The importance of investing in and educating Africa’s large youth population as a critical component in unlocking untapped productivity and innovation was also foregrounded at a recent Duke University forum on “Inequalities and the erosion of social cohesion in post-apartheid South Africa”. The PII’s Prof. Murray Leibbrandt and former PII visiting professor Prof. Hiroyuki Hino – both visiting research scholars at the Duke University Centre for International and Global Studies – led the discussions with their presentations, followed by input from two Duke scholars who conduct research in Togo and Nigeria respectively.
Health economist Emeritus Prof. Di McIntyre, who served on the PII planning group until her retirement in 2018, has recently received the François Diop Award for her lifetime contributions to the advancement of health economics in Africa, and globally. She received this recognition at the 5th Africa Health Economics and Policy Association conference which was held in Accra, Ghana. Joining her in the celebrations was UCT’s Dr Leanne Brady, from the Division of Health Policy and Systems in the Faculty of Health Sciences, who received an award for an innovative and participatory approach that assists decolonising health policy and systems research.

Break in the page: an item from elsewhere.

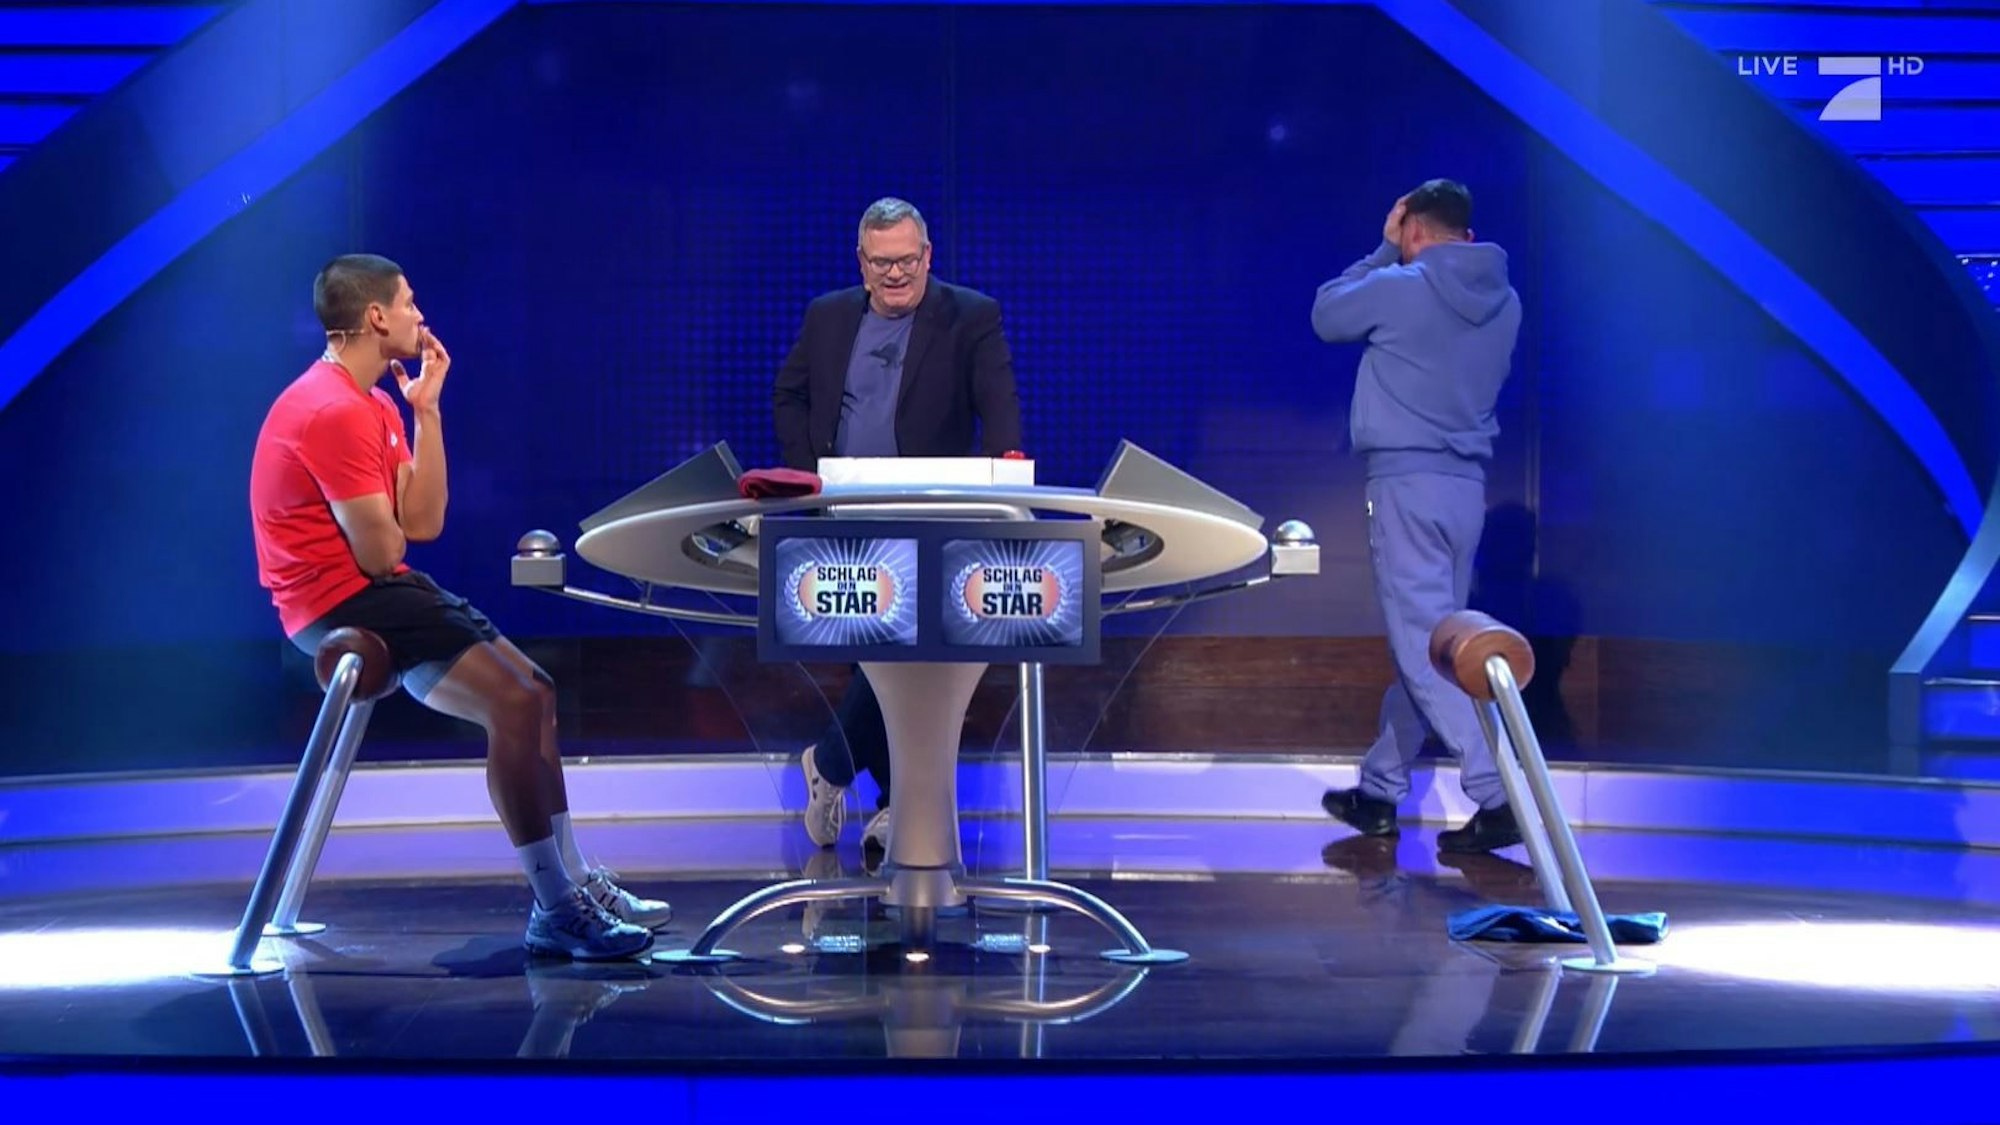 Musik-Star Bausa (r.) ärgert sich über seine Fehler im „Schlag den Star“-Duell mit Emilio Sakraya (l.). In der Mitte steht Moderator Elton.

Inequality has emerged as one of the key challenges of our times. Since 2000, the average inequality within countries has been rising, pointing to the challenge to realise the Sustainable Development Goals’ principle of “leaving no-one behind” by 2030. This year, the United Nations Development Programme’s Human Development Report (HDR) will provide a comprehensive picture of the many forms of inequality that are shaping the 21st century. One of the experts recently appointed to provide intellectual advice and guidance to the HDR Office is Prof. Haroon Bhorat, director of the Development Policy Research Unit and a member of the PII.
The practice of policymaking and implementation – that is the focus of The Nelson Mandela School of Public Governance’s first fulltime masters semester course which concluded recently. The Mandela School promotes the development of strategic public leadership, including a strong emphasis on public sector reform, accountability and trust in governance. The course brought together students from five different countries and disciplines.